Gonzalo Orquín is a Spanish artist and photographer based in Rome, Italy, best known for his controversial 2013 photo series, titled "Sí, quiero", featuring gay and lesbian couples kissing in Roman Catholic churches in Rome.

Biography

Early life and education 
Orquín was born in Seville, Spain, in 1982. He studied Fine Arts at the University of Seville from 2000 to 2004 and the University of Perugia in Italy in 2005. He moved to Italy from Spain in 2004.

Career 
The Leslie-Lohman Museum of Gay and Lesbian Art has described his works as "pronouncedly domestic, intimate, post-coital, and romantic. Set in common place interiors of muted tones, his subjects which include cats, dogs, solitary men and women, as well as gay and straight couples, display a contemplative depth of emotion."

His first exhibition was in 2000 in Seville, when he was only 18 years old. His next exhibition was in Sulmona, Italy, in 2006, and most of rest of his more than 20 recent exhibitions have been in Italy as well, though he has been featured in galleries in France, Mexico, the Netherlands, and the United States.

Sí, quiero 
In 2013, Orquín shot a photo series of gay and lesbian couples, mostly friends and acquaintances, kissing in Roman Catholic churches in Rome. He planned to include the photos in an exhibition titled "Trialogo," which was scheduled to open at the Galleria L'Opera in Rome.

However, before they could be shown, Vatican City officials sent a letter threatening legal action should the photos be shown. Spokesman Claudio Tanturri told a newspaper that the photos violate the Constitution of Italy, saying:"Italian constitutional law safeguards an individual’s religious feeling and the function of places of worship.
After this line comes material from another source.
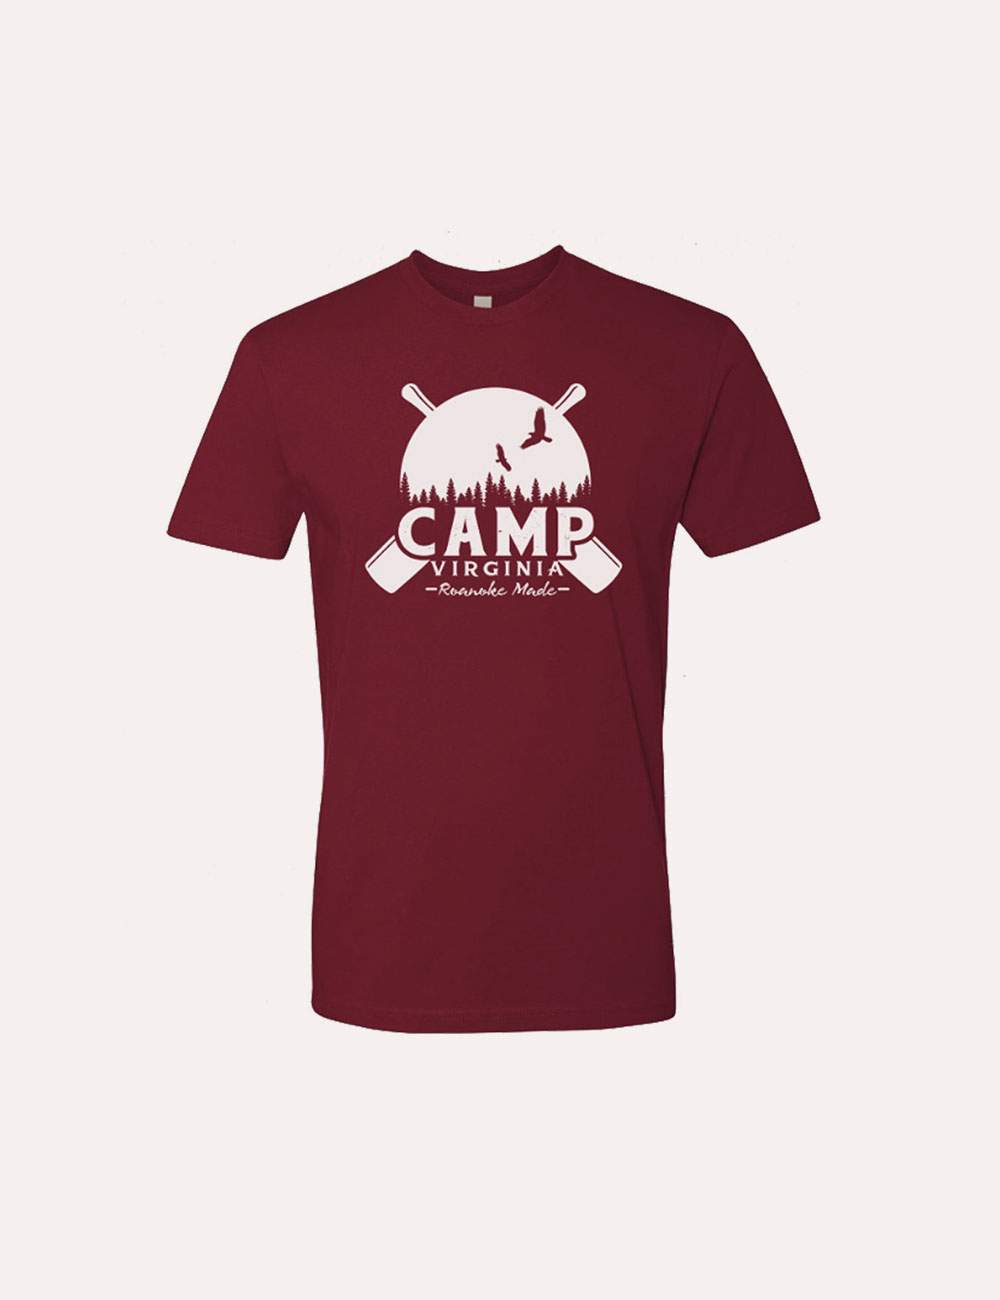 Roanoke Made - Merch - Camp Roanoke - T-Shirt

Therefore photos that are not suitable and do not conform to the spirituality of the place offend and infringe upon the advancement of man in the particular place for the expression of faith."Orquín spoke to lawyers and decided not to exhibit the photos "for security reasons," but maintained that lawyers were working on the case and that he hoped the photos would be shown eventually. As an act of protest, he posted on his Facebook page a picture of the photos on the museum wall covered in black paper and crosses fashioned out of black tape pasted to the wall. Orquín told reporters that he found Italy to be "a very homophobic country," saying "There aren't other countries in Europe or the West that are backward like this."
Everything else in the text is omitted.